The below link explains when swapping occurs
http://careers.directi.com/display/tu/Understanding+and+optimizing+Memory+utilization
Quote from the link:
==============
Swapping occurs in one of two scenarios -
* When the kernel needs to allocate a page of memory to a process and finds that there is no memory available. In this case the kernel must swap out the least used pages of an existing process into the swap space (on disk) and allocate those page frames to the requesting process
* There is a kernel parameter that determines swappiness of the kernel. The value is between 1 to 100 and is set to around 60 by default. A value of 100 means that the kernel will be considerably agressive when it comes to preferring allocatoin of memory to disk cache over processes. A value of 60 can result in occasional swapping out of process owned pages onto disk to make room for additional pages for the disk cache
--
These are indications of the node's memory being fully utilised and the subsequent step would be to investigate on 1. if the node being overcommitted with multiple roles, then offload some roles to other nodes
2. If you notice the node swapping to disk even if there is enough free RAM, then it would be best to check if NUMA is disabled - Here is a link which describes such scenarios https://blog.jcole.us/2010/09/28/mysql-swap-insanity-and-the-numa-architecture/
3. If the cluster is suffering from overload, then its best to think about scaling out.

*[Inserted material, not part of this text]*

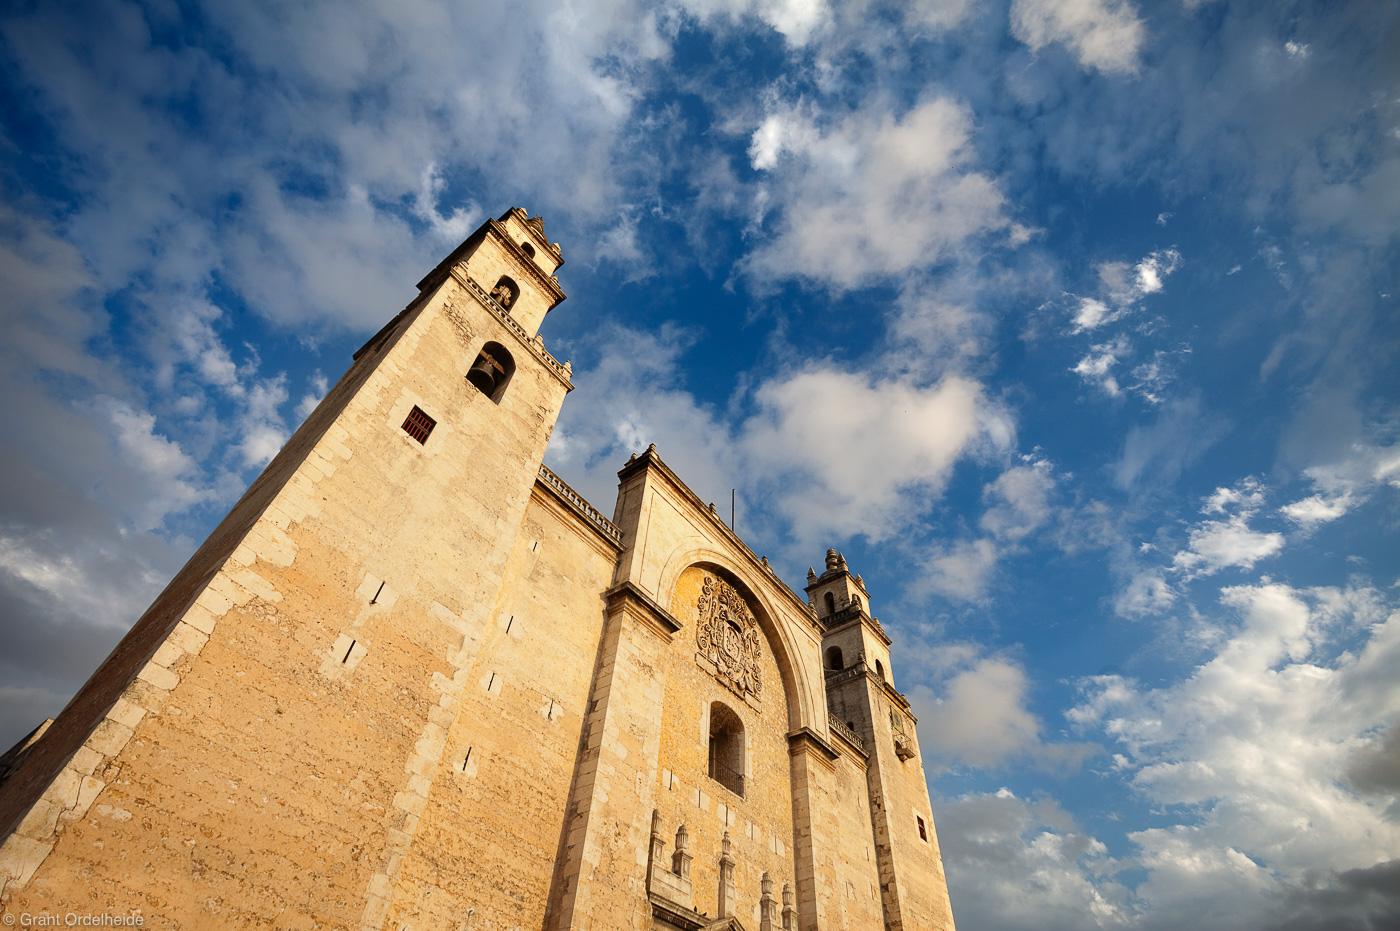 merida, cathedral, merida, yucatan, mexico, church, oldest, americas, worship, community, photo

Created 09-02-2017 05:05 AM
To add points to @venkatsambath
Cloduera recommends to you use vm.swapiness=10. when it comes to RHEL 6.4 or any higer version of kernel
for better performance.
vi /proc/sys/vm/swappiness
https://www.cloudera.com/documentation/enterprise/5-3-x/topics/cdh_admin_performance.html
Created 09-06-2017 02:52 AM
Thanks for the response, its a great help.
One thing I still don't understand if why does the impala daemon resident memort chart I attached, show that the memory goes above that of impala memory limit?

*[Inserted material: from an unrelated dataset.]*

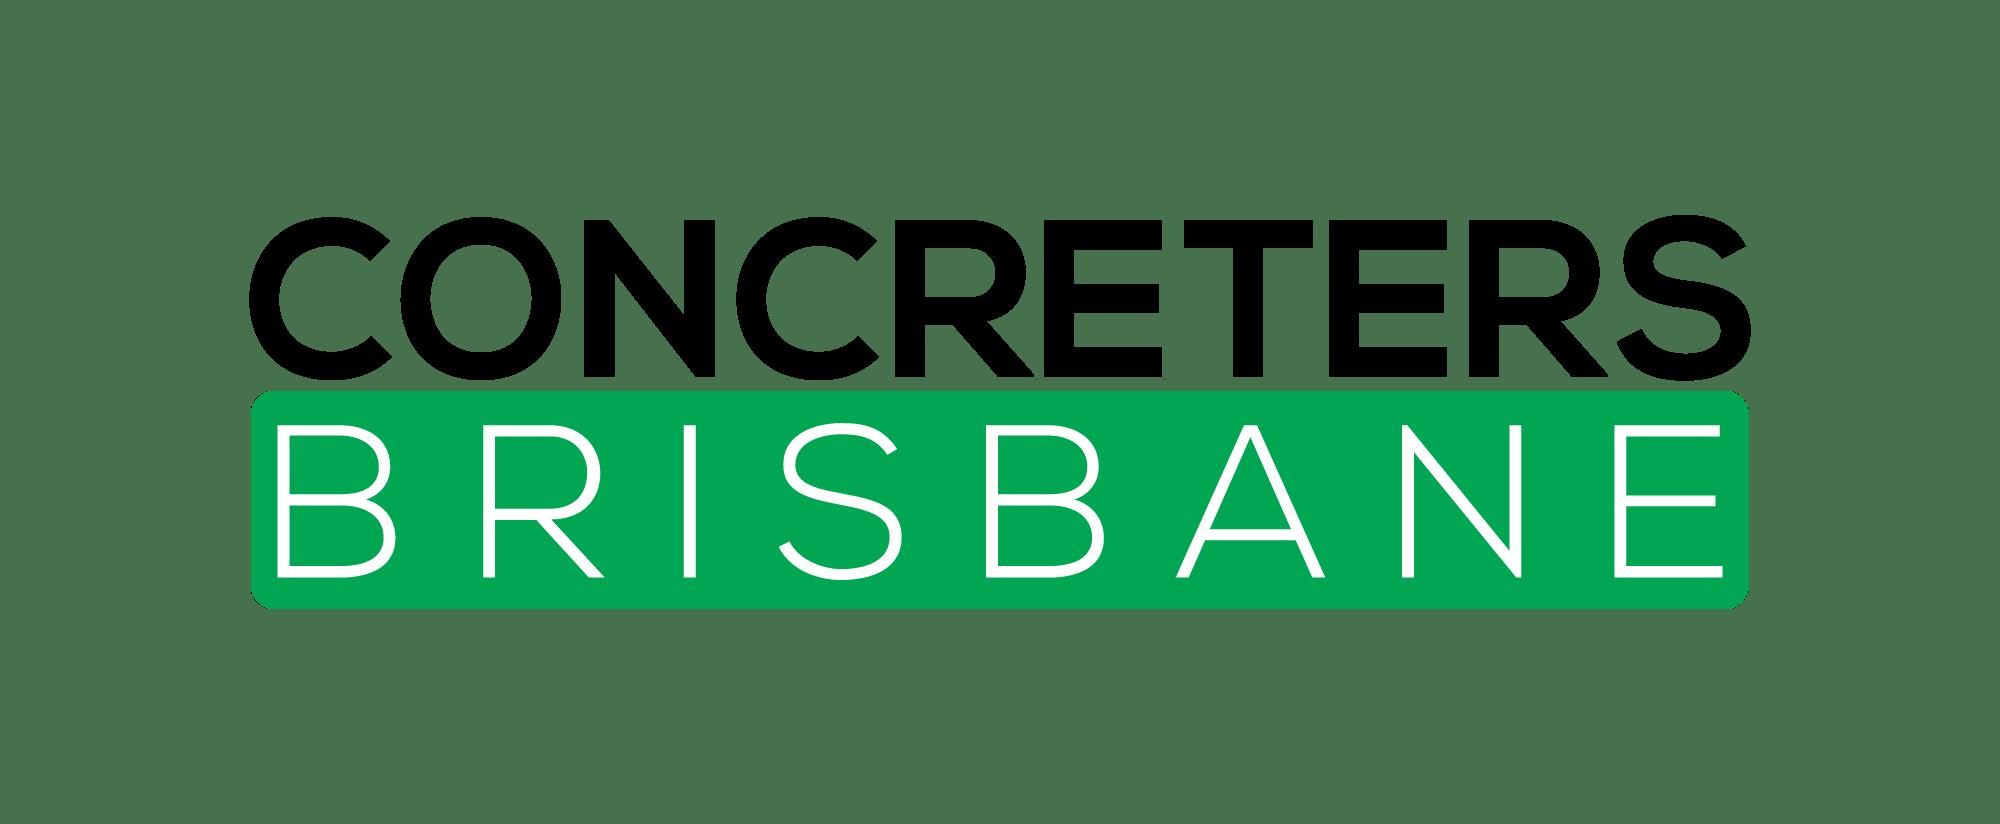 concreters brisbane logo

Created 09-06-2017 02:53 AM
Thanks for the response, its a great help.
One thing I still don't understand if why does the impala daemon resident memort chart I attached, show that the memory goes above that of impala memory limit?
Created 09-06-2017 11:06 AM
@chriswalton007Not sure if this is what you're seeing, but the Impala daemon memory limit does not include the embedded JVM: https://issues.apache.org/jira/browse/IMPALA-691
Created 09-07-2017 01:54 AM
Thanks Tim, its possible that is the case.
Am I correct in thinking there is no option to set the JVM memory size limit for impala? I can't seem to find it within Cloudera?
In the bug link you provided it refers to FE (JVM). Is FE an acroymn for something?